This is the official GitHub repository for the paper "ZENA: Enhanced Anomaly-Based IDS for Smart Homes Automation Through Multilayer Artificial Neural Network" submitted to the Journal of Communications and Networks.

Overview

ZENA is an enhanced anomaly-based Intrusion Detection System (IDS) designed specifically for smart home automation environments. The system employs a multilayer artificial neural network to detect anomalous behaviors and potential security threats in smart home networks.

Architecture

ZENA implements a three-layer neural network architecture:

  • Input Layer: 30 features
  • First Hidden Layer: 128 neurons with ReLU activation
  • Second Hidden Layer: 32 neurons with ReLU activation
  • Output Layer: Binary classification (sigmoid activation)

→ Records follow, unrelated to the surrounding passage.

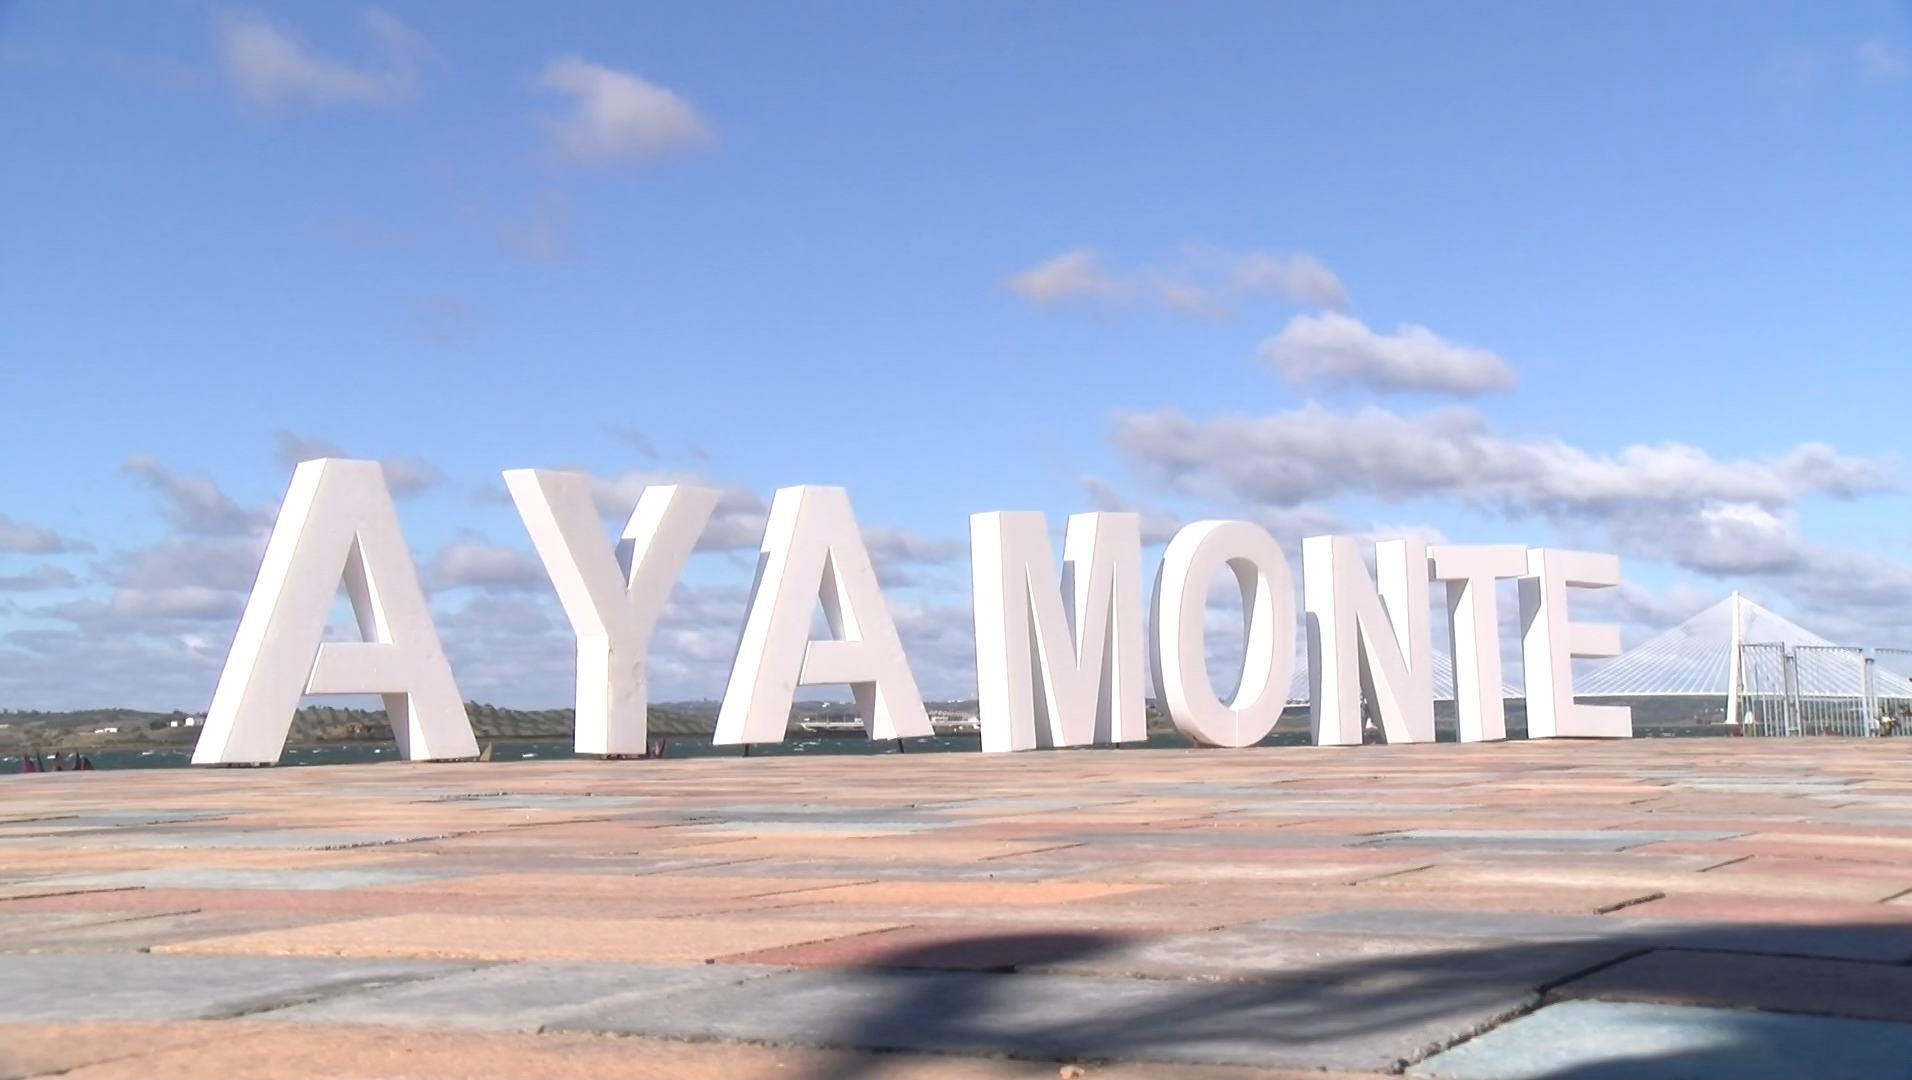 La incidencia de contagios se dispara en Ayamonte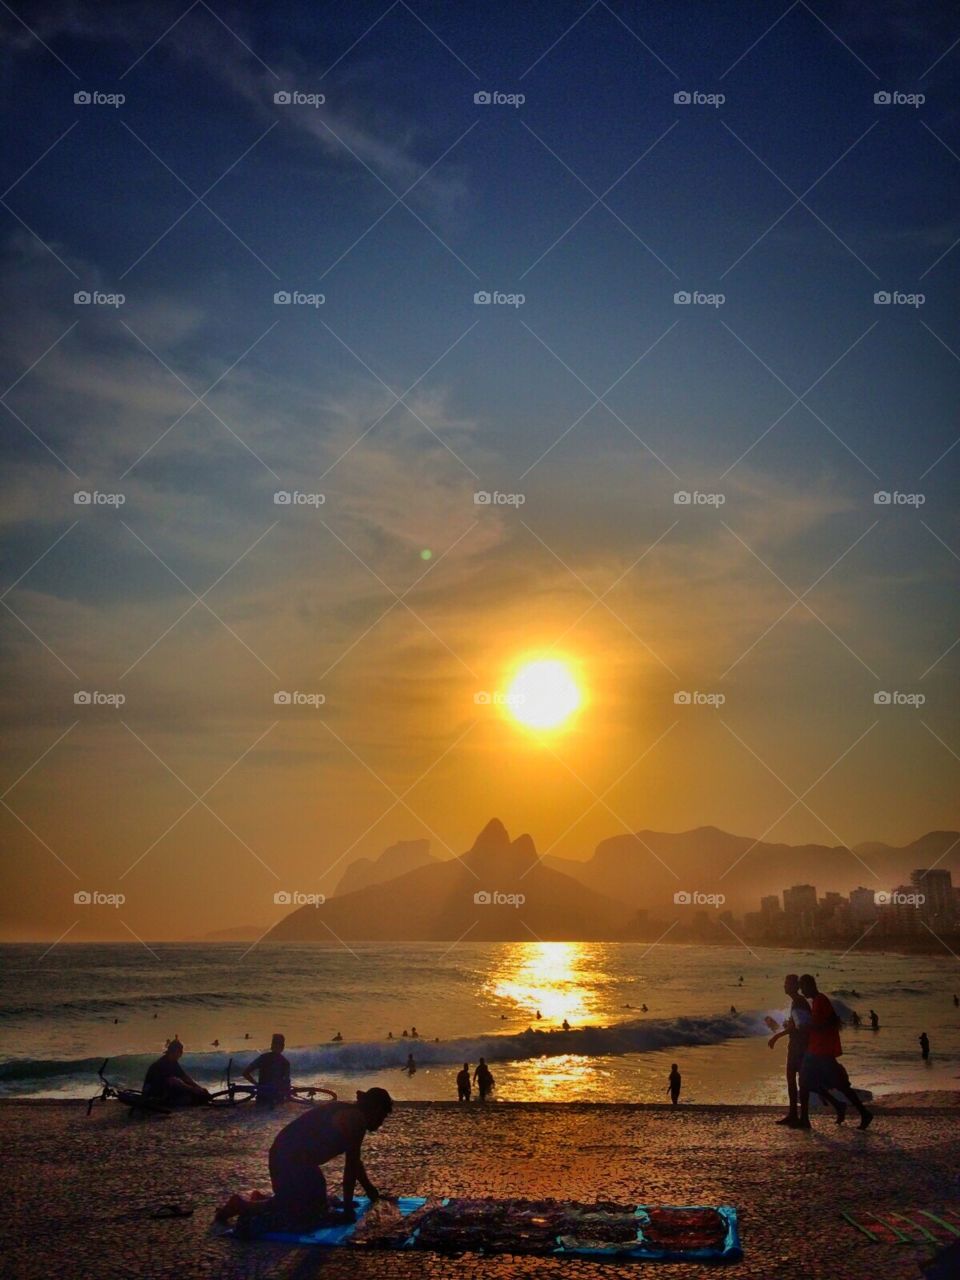 Sunset in Rio de Janeiro. Picture token at Ipanema Beach in Rio de Janeiro.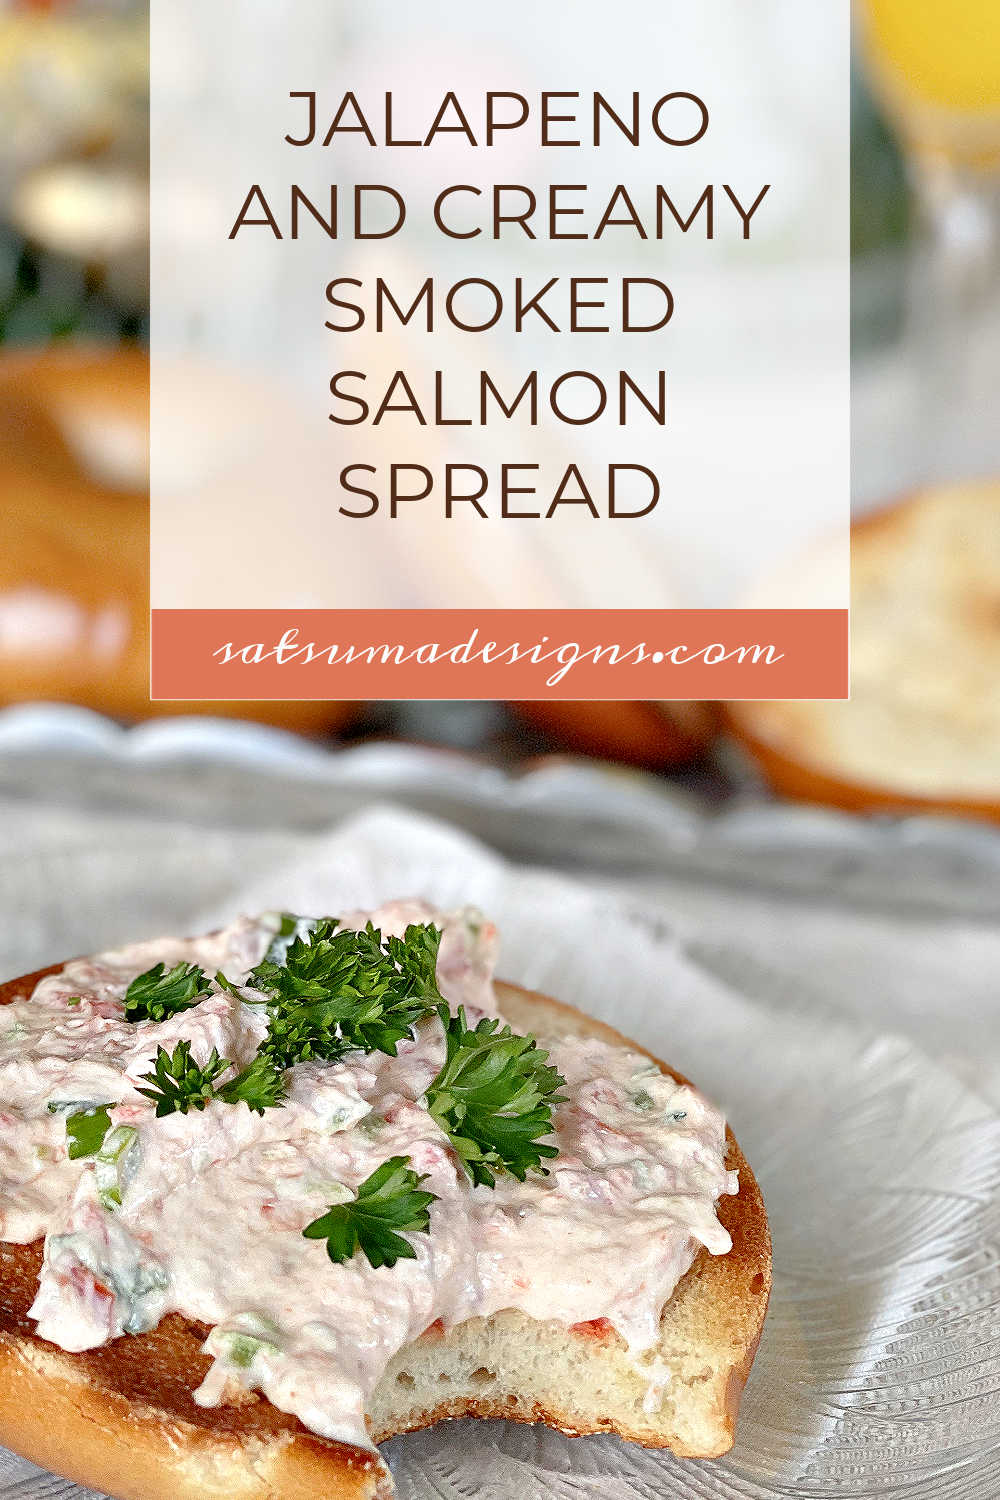 Jalapeño and Creamy Smoked Salmon Spread Recipe

The model uses momentum-based gradient descent optimization and supports multiple weight initialization methods (Xavier, He, random, zero).

Features

  • Multi-layer artificial neural network for anomaly detection
  • GPU acceleration support (optional, via CuPy)
  • Early stopping mechanism to prevent overfitting
  • Support for customizable hyperparameters
  • Model parameter saving and loading functionality
  • Comprehensive evaluation metrics (Accuracy, F1-Score)

Requirements

Required

  • Python 3.x
  • NumPy >= 1.19.0
  • Pandas >= 1.0.0
  • scikit-learn >= 0.23.0

Optional (GPU Support)

  • CuPy (for GPU acceleration)
    • For CUDA 11.x: pip install cupy-cuda11x
    • For CUDA 12.x: pip install cupy-cuda12x
    • If CuPy is not installed, the model will automatically use CPU (NumPy)

Installation

pip install -r requirements.txt

Usage

Training the Model

Train the ZENA model with default parameters:

python train.py

Train with custom parameters:

python train.py \
    --model_name ZENA \
    --input_size 30 \
    --hidden_size1 128 \
    --hidden_size2 32 \
    --learning_rate 0.03 \
    --iterations 100000 \
    --early_stopping_rounds 5000 \
    --tolerance 1e-4 \
    --init_method xavier \
    --momentum 0.9

Train with GPU acceleration (requires CuPy):

python train.py --use_gpu

Using the Model in Python

from model import ZENA
import numpy as np

# Initialize the model (CPU)
model = ZENA(
    input_size=30,
    hidden_size1=128,
    hidden_size2=32,
    learning_rate=0.03,
    iterations=100000,
    early_stopping_rounds=5000,
    tolerance=1e-4,
    init_method='xavier',
    momentum=0.9
)

# Initialize the model with GPU acceleration
model_gpu = ZENA(
    input_size=30,
    hidden_size1=128,
    hidden_size2=32,
    learning_rate=0.03,
    iterations=100000,
    early_stopping_rounds=5000,
    tolerance=1e-4,
    init_method='xavier',
    momentum=0.9,
    use_gpu=True  # Enable GPU acceleration
)

# Train the model
train_loss_history, val_loss_history = model.fit(X_train, Y_train, X_val, Y_val)

# Make predictions
predictions = model.predict(X_test)

# Save model parameters
model.save_params('params/ZENA_model.pkl')

# Load model parameters
model.load_params('params/ZENA_model.pkl')

Model Parameters

Parameter Default Description
input_size 30 Number of input features
hidden_size1 128 Number of neurons in the first hidden layer
hidden_size2 32 Number of neurons in the second hidden layer
learning_rate 0.03 Learning rate for gradient descent
iterations 100000 Maximum number of training iterations
early_stopping_rounds 5000 Number of rounds for early stopping
tolerance 1e-4 Minimum improvement threshold for early stopping
init_method 'xavier' Weight initialization method (xavier, he, random, zero)
momentum 0.9 Momentum coefficient for gradient descent
use_gpu False Enable GPU acceleration (requires CuPy)

GPU Acceleration

The model supports optional GPU acceleration through CuPy. If use_gpu=True is specified but CuPy is not installed, the model will automatically fall back to CPU (NumPy) with a warning message.

Installing CuPy:

  • For NVIDIA GPUs with CUDA 11.x: pip install cupy-cuda11x
  • For NVIDIA GPUs with CUDA 12.x: pip install cupy-cuda12x
  • For ROCm (AMD GPUs): pip install cupy-rocm-5-0 (or appropriate version)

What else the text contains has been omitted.